Well, we got the east winds Tuesday night and Wednesday but a little bit late to usher in cold enough air for lowland snow other than snowflakes in the air. Higher elevations received a few inches of the white stuff.
Many of the forecast models behaved the worst I have seen the past ten days. Only the European model was the naysayer most of the time for lowland snow. The cold air couldn’t make it past Puget Sound in the I-5 corridor or the mid-Columbia River Gorge to our east.
Heavy snow fell Wednesday in Port Angeles with 18-20 inches on the ground. That complex low of the coast yesterday bombed with rapid barometric pressure falls and curled up like a cinnamon roll. Temperatures were all over the place in Western Washington with 20s, 30s and 40s. Rain or snow in many places.
It snowed heavily on the northern tip of the Long Beach Peninsula Wednesday afternoon. Coupled with 40 mph east winds and snowflakes the size of silver dollars, it was quite the sight. OK, we don’t have any arctic air, but after the passage of the low off the coast, snow levels will remain low through Friday morning. Locally, we could still see snowflakes falling.
Accumulation will be above 500 feet and the precipitation will be in the form of showers. A heavy shower could bring snow down to sea level shortly. Our crazy weather still abounds until the weekend when we might bump 50 degrees on Sunday. I’m waiting.
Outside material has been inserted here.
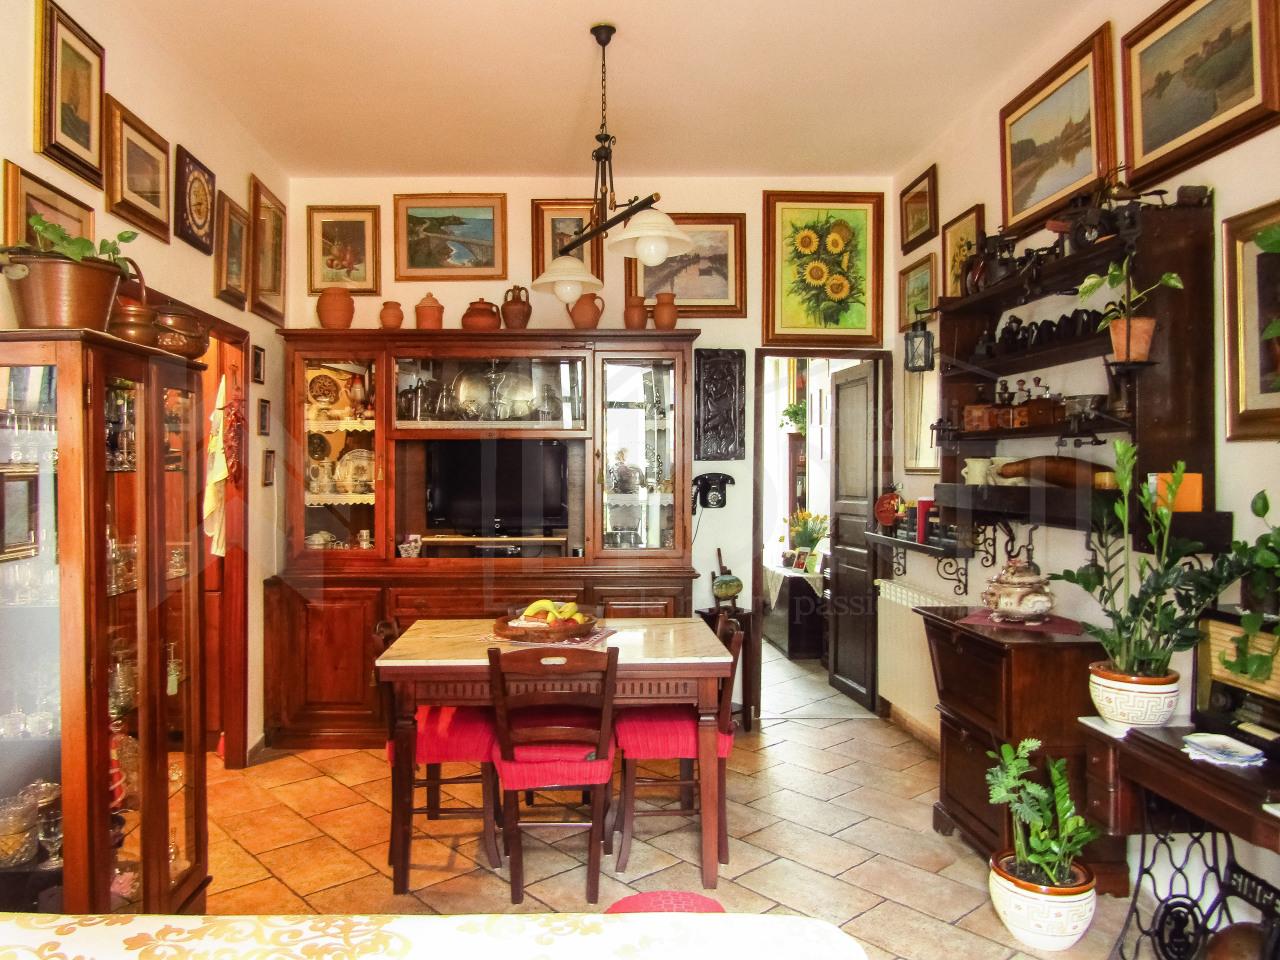 Appartamenti in vendita a livorno. I migliori immobili a livorno ...

So far this month, we have not had a freezing temperature officially here in Vancouver, which is most unusual. The coldest was 33 degrees Wednesday morning. The average mean temperature is still running 4.4 degrees above normal at 45.2 degrees. Rainfall is 2.40 inches as of 4 p.m. Wednesday, 2.50 inches below average.
I don’t see a widespread snowstorm heading our way for a while. I think we will have to see what February brings. Next time I’ll follow my gut rather than those “new and improved” computer forecast models.
We will chat on Sunday with last month’s rainfall.